The FHA mortgage insurance allows a lender to offer a mortgage loan in confidence to buyers who would otherwise present to great a risk, and therefore not qualify for a loan. However, the FHA does more than make more loans available to more people. The FHA makes loans more affordable. In exchange for offering mortgage insurance to the lender, the FHA demands that the lender lessen certain requirements for obtaining a loan.

Basic FHA loan qualifications are simply met. A borrower must; be a lawful US resident, have a social security number, and be old enough to sign on a mortgage loan per your states laws. The borrower must also intend to live in the home and have a two year employment history.

One of the most valuable demands the FHA places on a lender is the lack of a minimum credit score. Rather than a credit score the FHA looks at credit history. The FHA understands that life has its bumps and bruises and unforeseeable things can affect a credit score. The FHA wants to know that you have an overall history of paying your bills on time.

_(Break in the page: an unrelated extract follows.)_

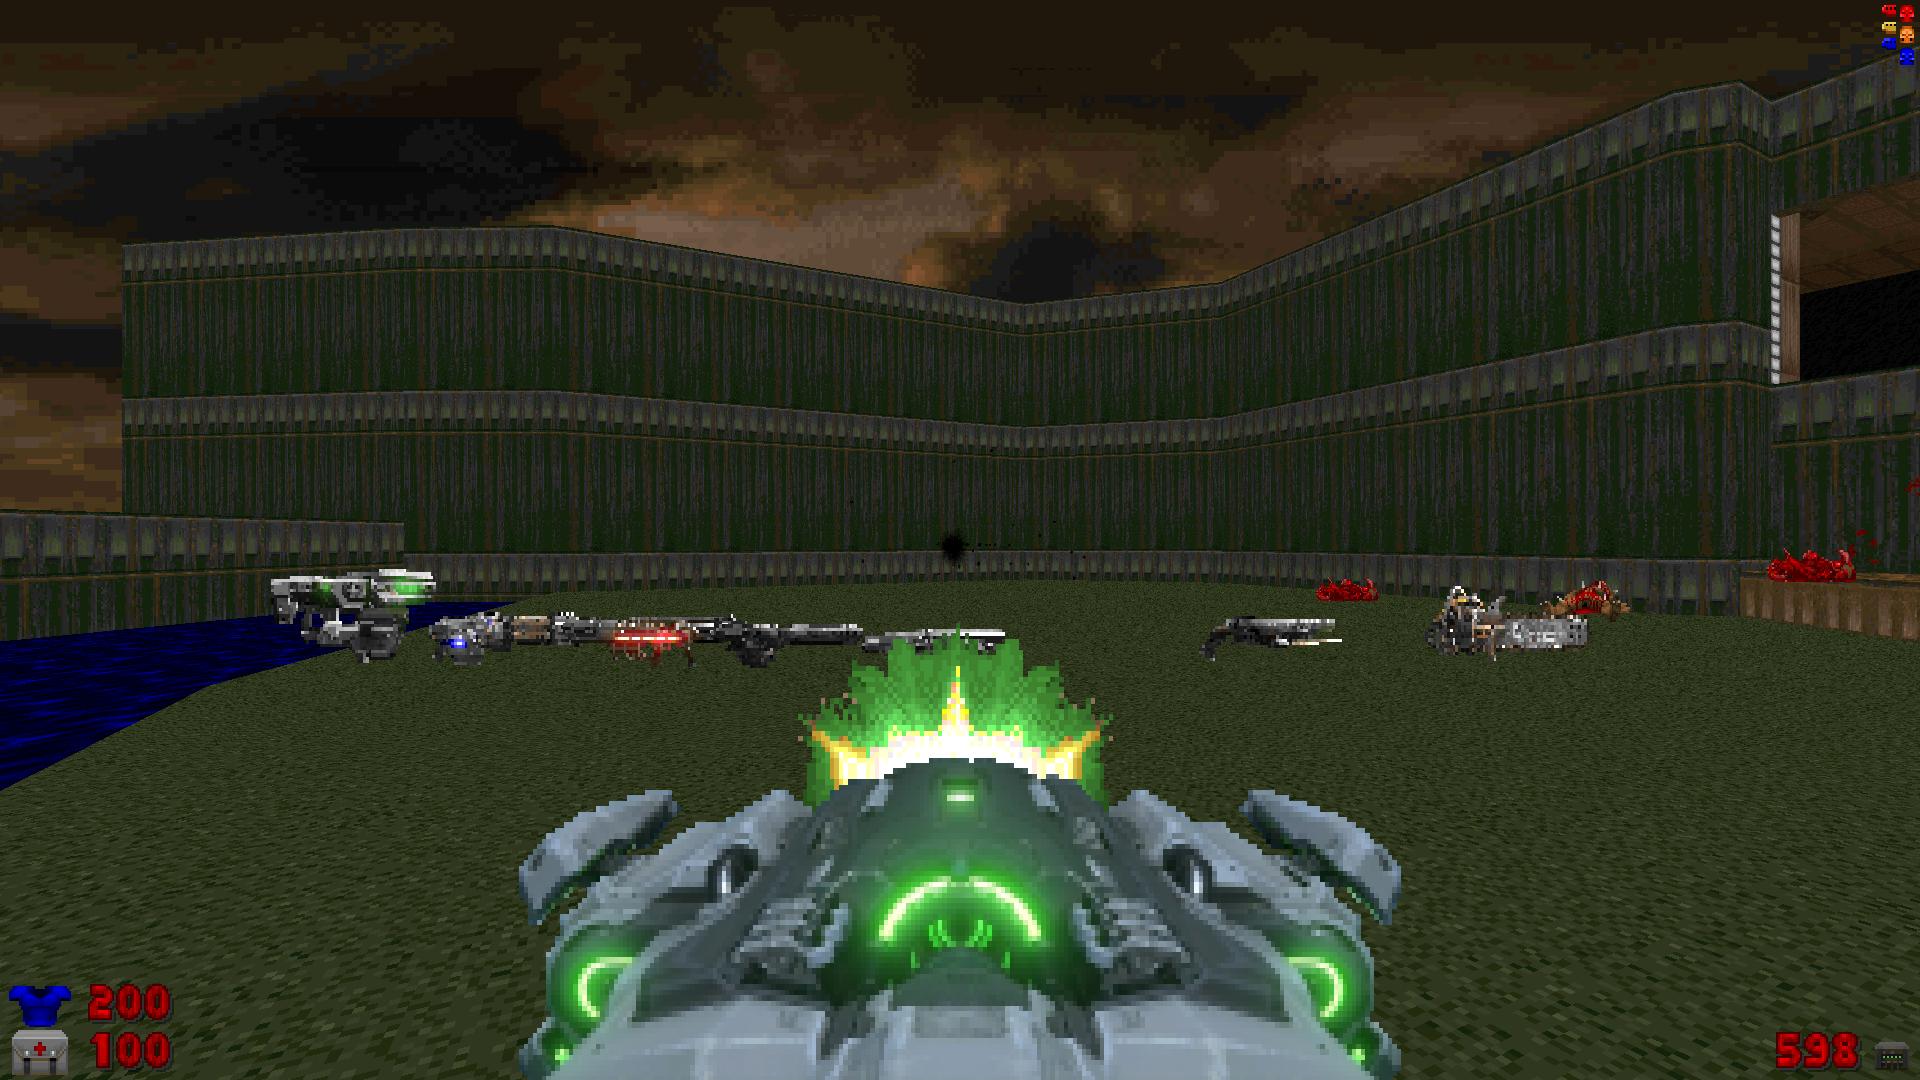 Screenshot_Doom_20200409_180545.png.8f6a0634a9c1a24c64cf6fc0cf63ce37.png

Another valuable aspect of an FHA loan to a borrower is the down payment. The down payment on an FHA insured loan can be as low as 3.5% of the overall purchase price of the home. Additionally, the down payment money can come from almost any source. The money can be a gift from a family member, or even come from a charitable organization. Saving for a down payment prevents many people from becoming homeowners. The FHA loan virtually eliminates this problem.

Lastly, an FHA insured loan generally has among the lowest interest rates available. Lower interest rates make monthly payments more affordable.